All pictures are to be excluded when the data below is output verbatim.

Top of Material provided

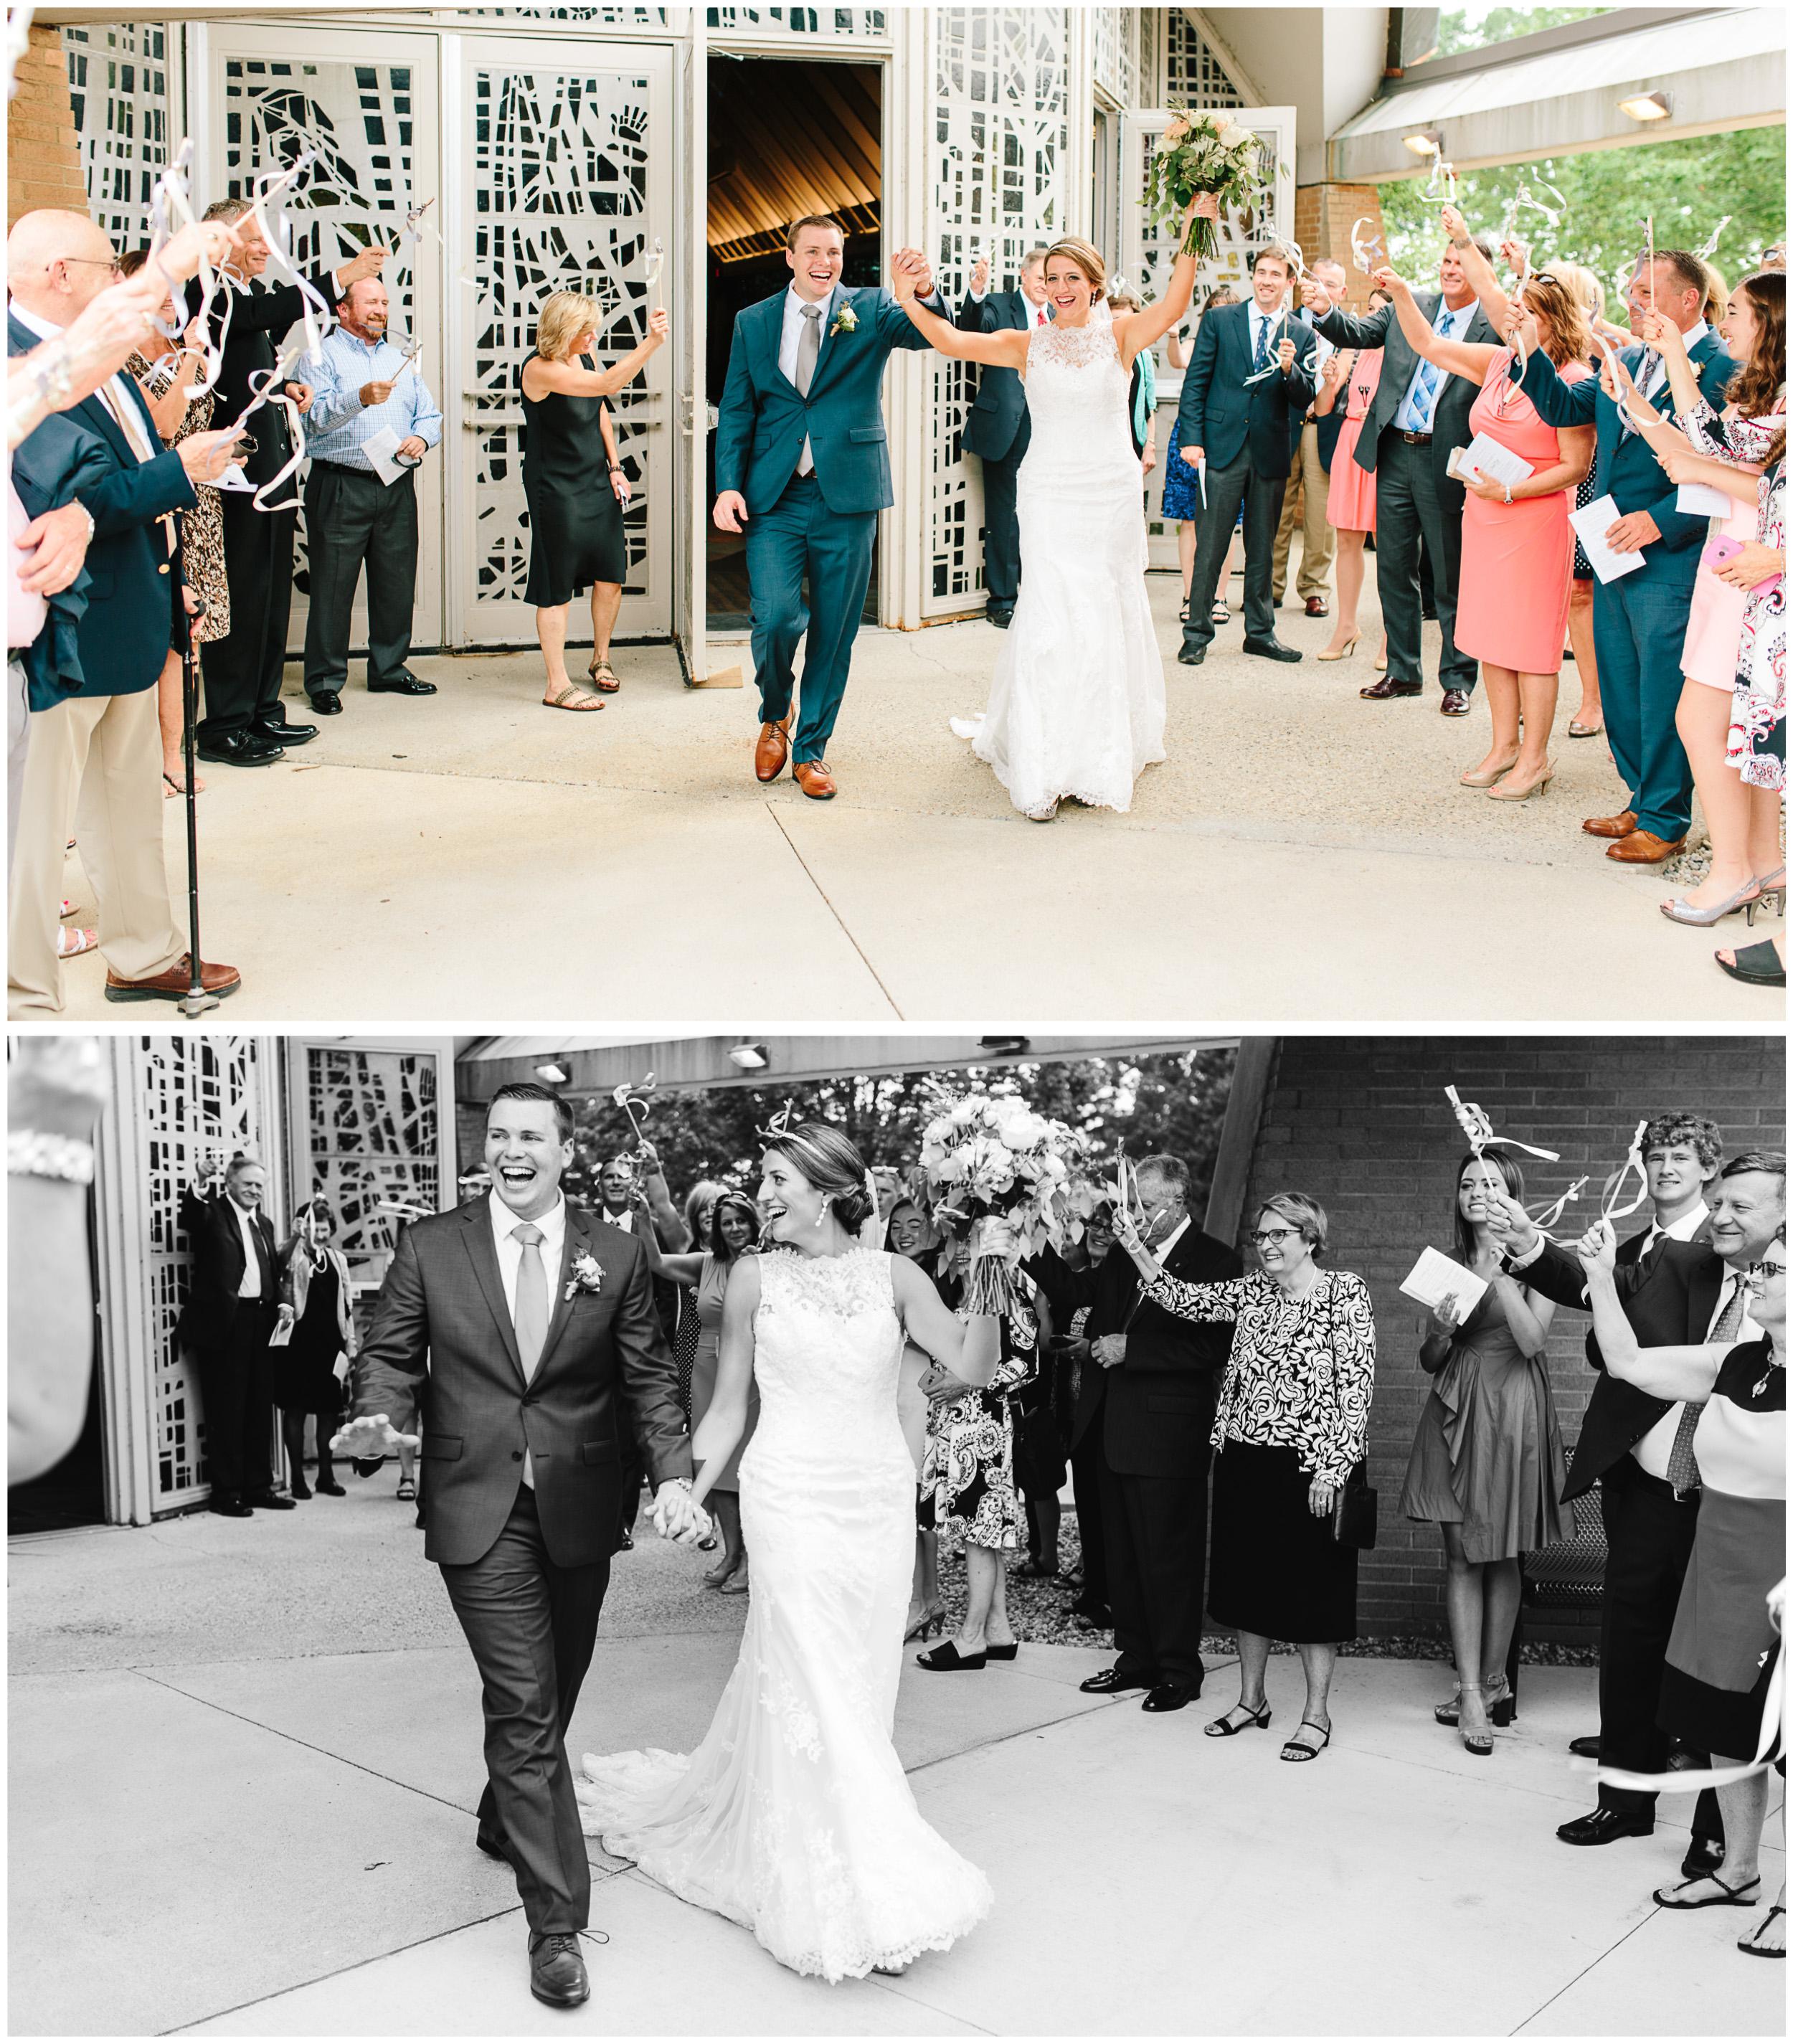 ann_arbor_michigan_wedding_70.jpg
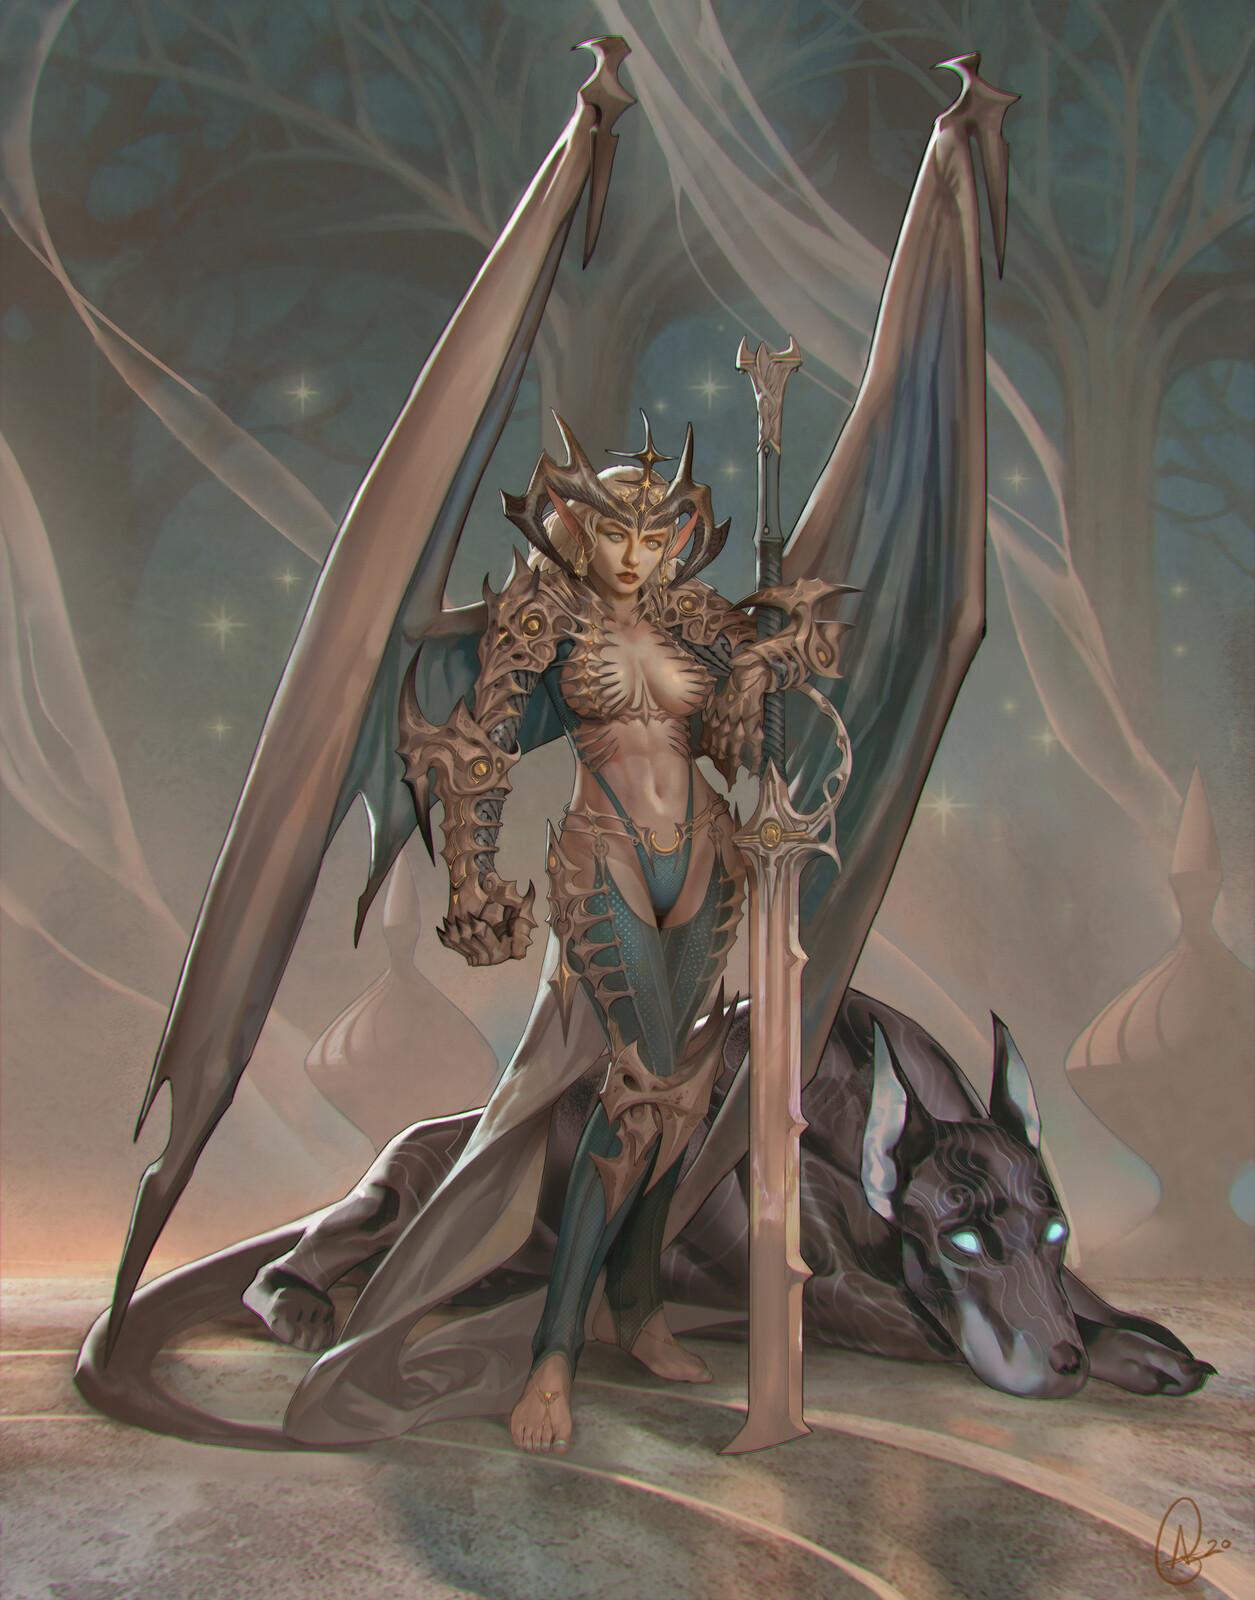 Ikthea Dragonkin - Personal work
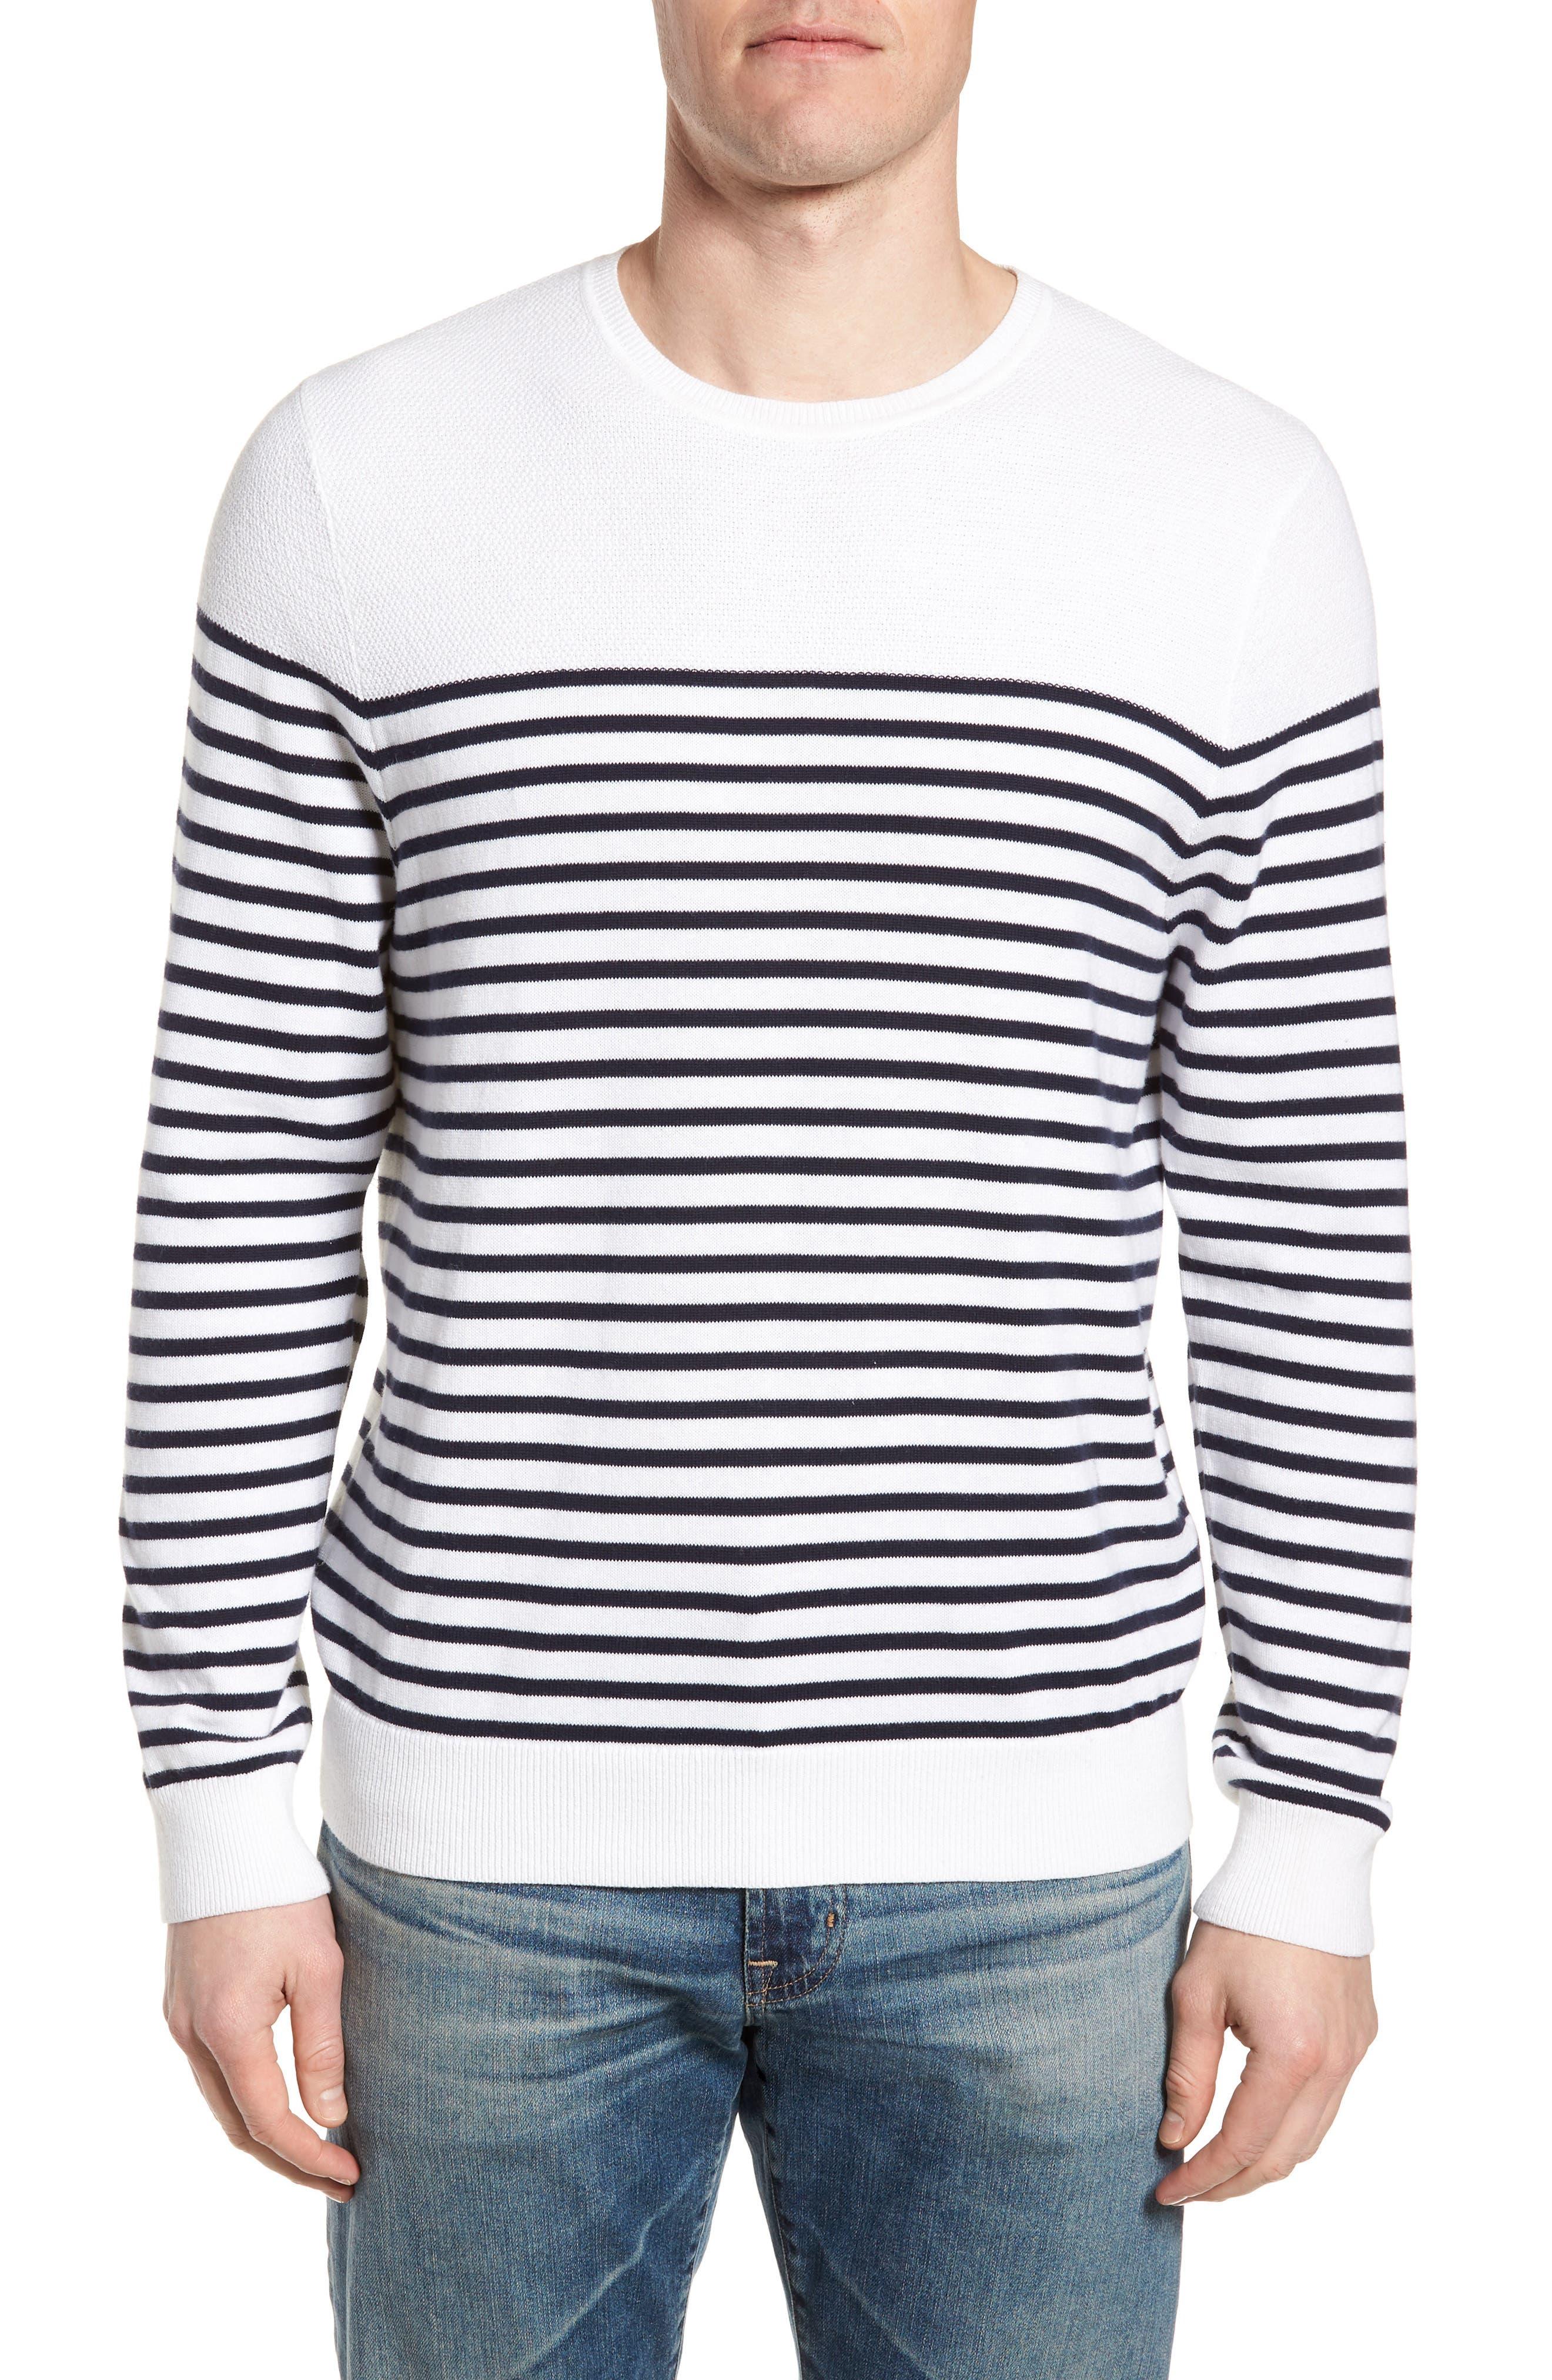 Breton Stripe Sweater,                             Main thumbnail 1, color,                             White Navy Stripe

Bottom of Material provided

» Reply
 ann_arbor_michigan_wedding_70.jpg
 Ikthea Dragonkin - Personal work
 Breton Stripe Sweater,                             Main thumbnail 1, color,                             White Navy Stripe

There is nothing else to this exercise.